-
Notifications
You must be signed in to change notification settings - Fork 3.8k
Description
Affected Version: Master branch
Description
Lookup instantiation mainly works on broadcasting two notice, AddNotice, DropNotice. When we create fresh lookup, we issue AddNotice and when we update the existing lookup we issue the AddNotice and DropNotice.
We have been seeing the inconsistent lookup state esp with JDBC in the cluster that caused by the following scenario, I was able to reproduce this in local as well.
- Post create jdbc lookup request, assuming that jdbc server is consistent, it loads the lookup and ready to serve.
- Next pooling fails due to jdbc server not available/ some issues with lookup jdbc connection but old lookup is still serving good.
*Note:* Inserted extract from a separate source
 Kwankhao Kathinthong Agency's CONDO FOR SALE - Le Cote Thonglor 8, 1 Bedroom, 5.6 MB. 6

- Druid User tries to update the lookup json and post update request and old good lookup is also killed and query fails with cache state CACHE_NOT_INITIALIZED.
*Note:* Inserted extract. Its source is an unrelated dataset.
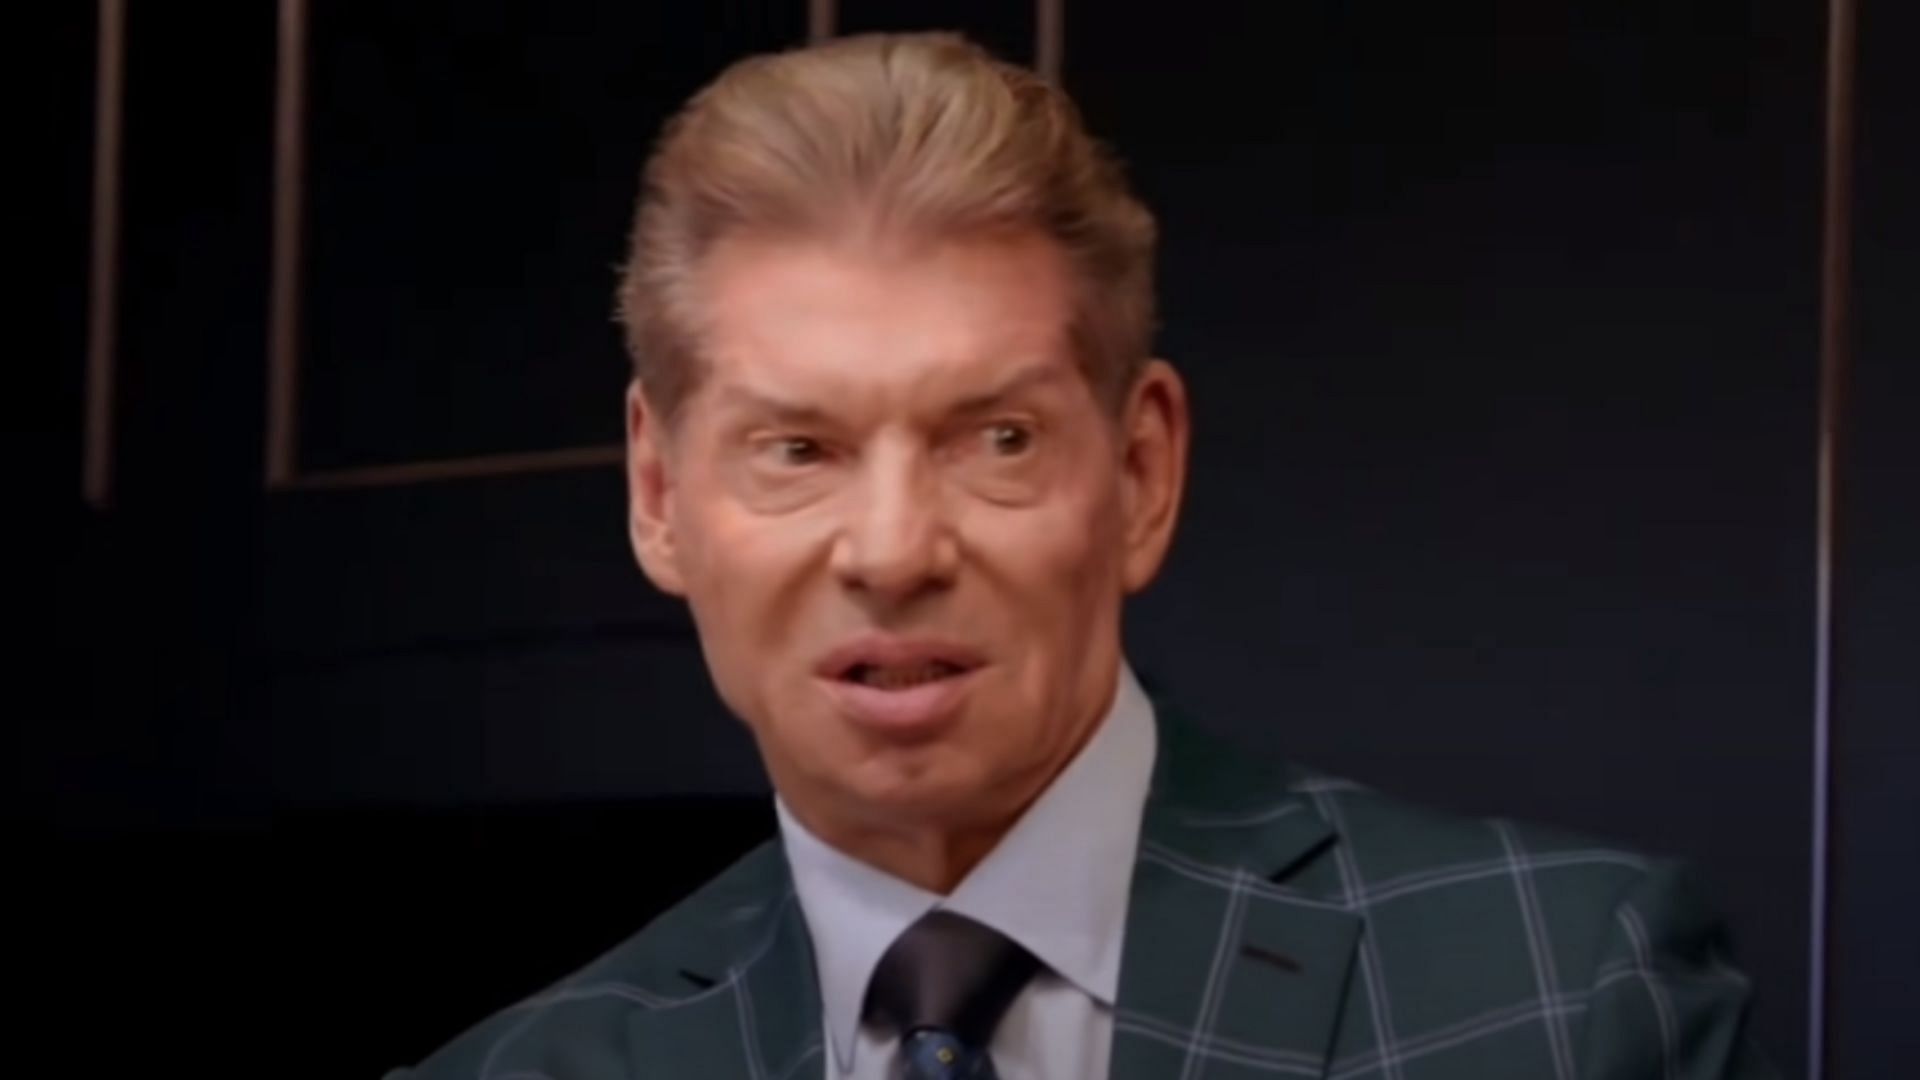 Will Vince McMahon&#039;s match have a big swerve?

Bug is the behavior of Step 3, currently we blindly issue the AddNotice for new lookup and DropNotice for old lookup without making sure that new lookup cache population is successful.
There is another bug at Step 2 where we do have resiliency in dealing with JDBC handle lookups, we do not retry handle on transient errors. If transient error occurs then we need to wait for next pooling period to reach and populate lookups. In this time, lookup's state remains CACHE_NOT_INITIALIZED if we have no successful load previously.
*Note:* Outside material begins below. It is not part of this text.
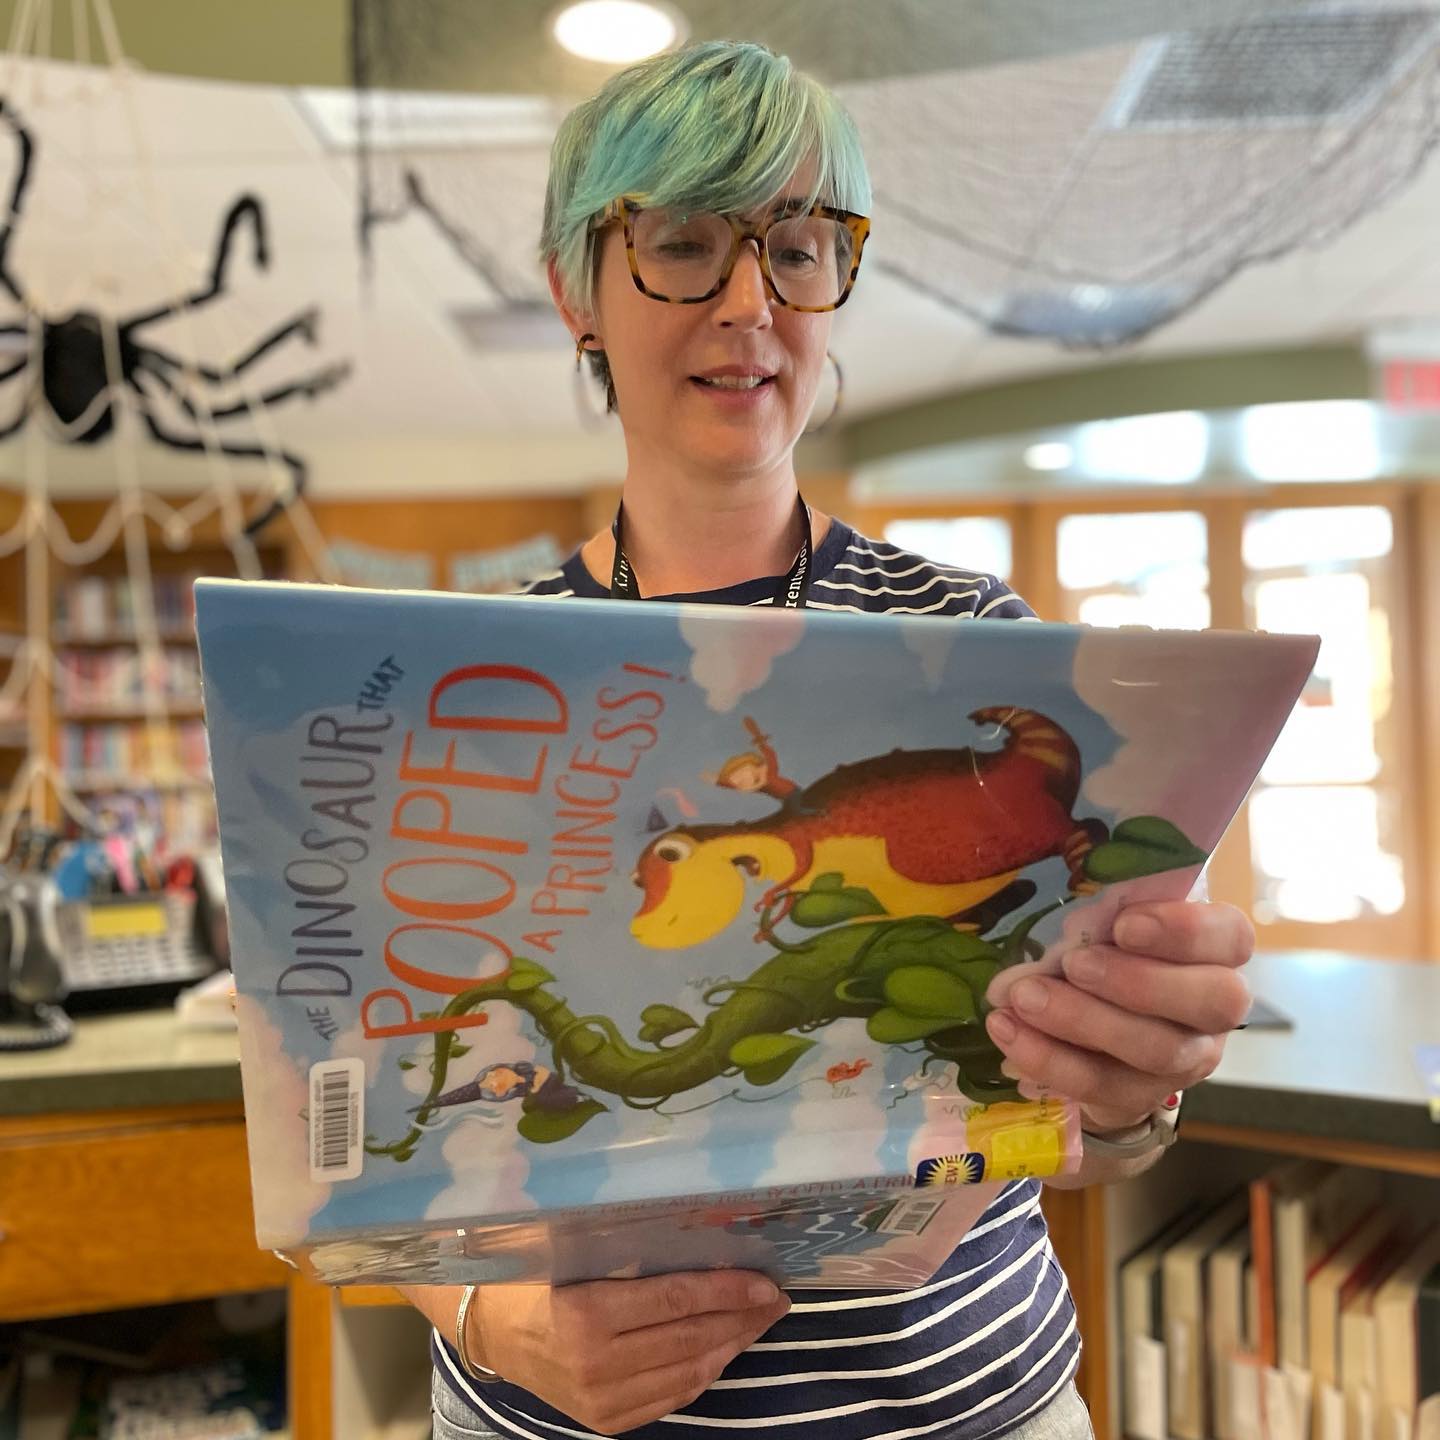 Clare’s back at it with staff story time! This week her pick to read at the front desk was “The Dinosaur that Pooped a Princess.” Are you sensing a theme in her selections? #bplmo #brentwoodlibrarymo #staffpics #staffstorytime #shereadssidewaystoo #dinosaurthatpoopedaprincess #newbooks #libraryfun

Proposals for the addressing Step 2 and Step 3 bugs:
- Step 2: Create resilient handle and retry on transient error.
- Step 3: Delay the Drop notice execution until AddNotice loads the lookup on the current node, and make sure that we have one latest lookup loaded successfully and good to drop the previous one. This can be done by starting the schedule executor thread here https://github.com/apache/druid/blob/master/server/src/main/java/org/apache/druid/query/lookup/LookupReferencesManager.java#L675 that can execute it after Delay D, N times and it can get the latest stateRef from LookupReferenceManager and make sure that latest Ref cache is loaded successfully (Also make sure that LookupExtractorFactoryContainer that we are trying to remove is not same as current stateRef container).